Clarita está a los mandos en la cocina, preparando la masa de los cruasanes para la merienda, porque su tía Isabel ha invitado a Lorenzo Aguilar. Empuja el rodillo mientras escucha una y otra vez las canciones de su grupo preferido, y las tararea como puede porque cantan en inglés y ella no sabe. Sonríe pensando que Filo le va a presentar a la Tere, y puede que consiga trabajo como cocinera en la ciudad. Ensimismada en sus pensamientos y sus canciones se ha quedado sin harina, así que se lava las manos y baja a la despensa.
Lorenzo Aguilar, en su gigantesco salón, ojea el periódico, pensativo. Su casa no es la más antigua de Valdepenín, pero sí la más grande y sobre todo la más cara. Desde que su constructora ganó aquel concurso para la ampliación del estadio de fútbol ese, el dinero entra como un torrente. Quiso que en el pueblo supieran que el pequeño de los Aguilar había triunfado, y por eso se construyó esa casa. Hizo favores a diestro y siniestro, y aunque está ya medio retirado, todavía conserva algo de influencia y muchísimo dinero, que compartirá con quien quiera. A su exmujer y a su hijo, ni un puto duro les va a dejar. Pablo, el muy gilipollas, estudió Arquitectura y después de tantísimos años en Londres trabajando en la empresa del inglés Forser ése, o como coño se llame, ha vuelto a España con ínfulas de abrir su propio estudio. Sin trabajar para su padre, como si se avergonzara de él. Solo le llama para preguntar por su salud, le visita muy de vez en cuando, y nada de aceptar regalos o dinero. Con lo bien que le hubiera venido a él tener un arquitecto así en plantilla, joder.
Esta tarde merienda con la viuda, a la que lleva pretendiendo desde siempre. Está tranquilo. Caerá, porque él quiere ser el señor de Valdepenín, esa Isabel es la persona con más apellidos que conoce, y a su vieja casona empieza a bailarle el tejado. Y todavía es guapa. Fría de cojones, pero guapa. Repasa los trajes colgados pulcramente en el enorme vestidor, elige una chaqueta que le disimula la tripa y se toma dos pastillas de las azules con un buen vaso de wiski. Para ir entonándose, por si la Isabelita se le pusiera melindrosa y hubiera que persuadir. O meter en cintura.

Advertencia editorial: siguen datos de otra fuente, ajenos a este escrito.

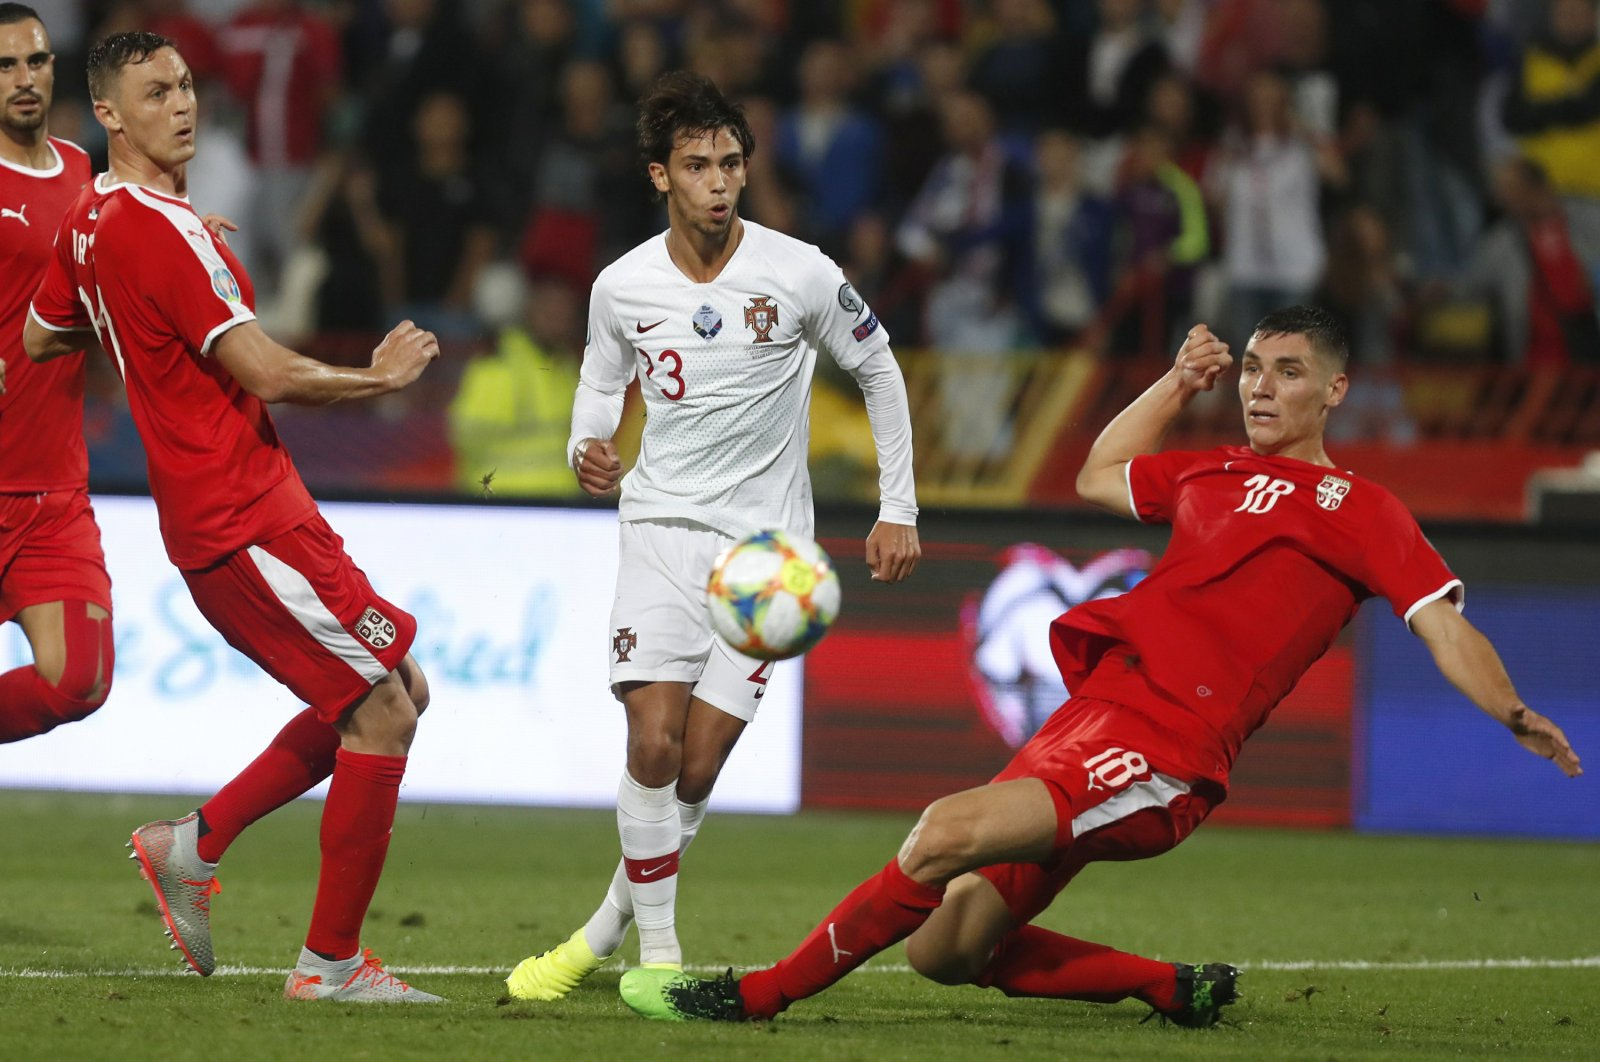 Portugal's Joao Felix, center, kicks the ball ahead of Serbia's Nemanja Matic, left, and Serbia's Nikola Milenkovic during the Euro 2020 group B qualifying match between in Belgrade, Serbia, Sept. 7, 2019. (AP Photo)

Doña Isabel se mira en el espejo, y se retoca el maquillaje. Tiene que pedirle un favor a Lorenzo Aguilar, y cree saber lo que va a pedir él a cambio: algún paseo en público para presumir, y Dios no lo quiera, quizá un noviazgo clásico. Ya veremos si se lo concede. Lorenzo es un nuevo rico y un animal, pero tiene muchos recursos y los necesita, porque su drama con las bragas de Filo le está quitando el sueño. Por eso le ha pedido a Clarita que se esfuerce con la merienda, mientras se esmera en arreglarse casi como si estuviera limpiando los blasones de su apellido, que es lo que quiere Lorenzo. No le importa, todo es negociable. Abre el joyero y elige algo muy evidente, que Lorenzo no entiende de sutilezas.
Clarita vuelve de la despensa con su paquete de harina, canturreando y pensando que si pudiera pedir un deseo, sería ir a un concierto de Marún cinco.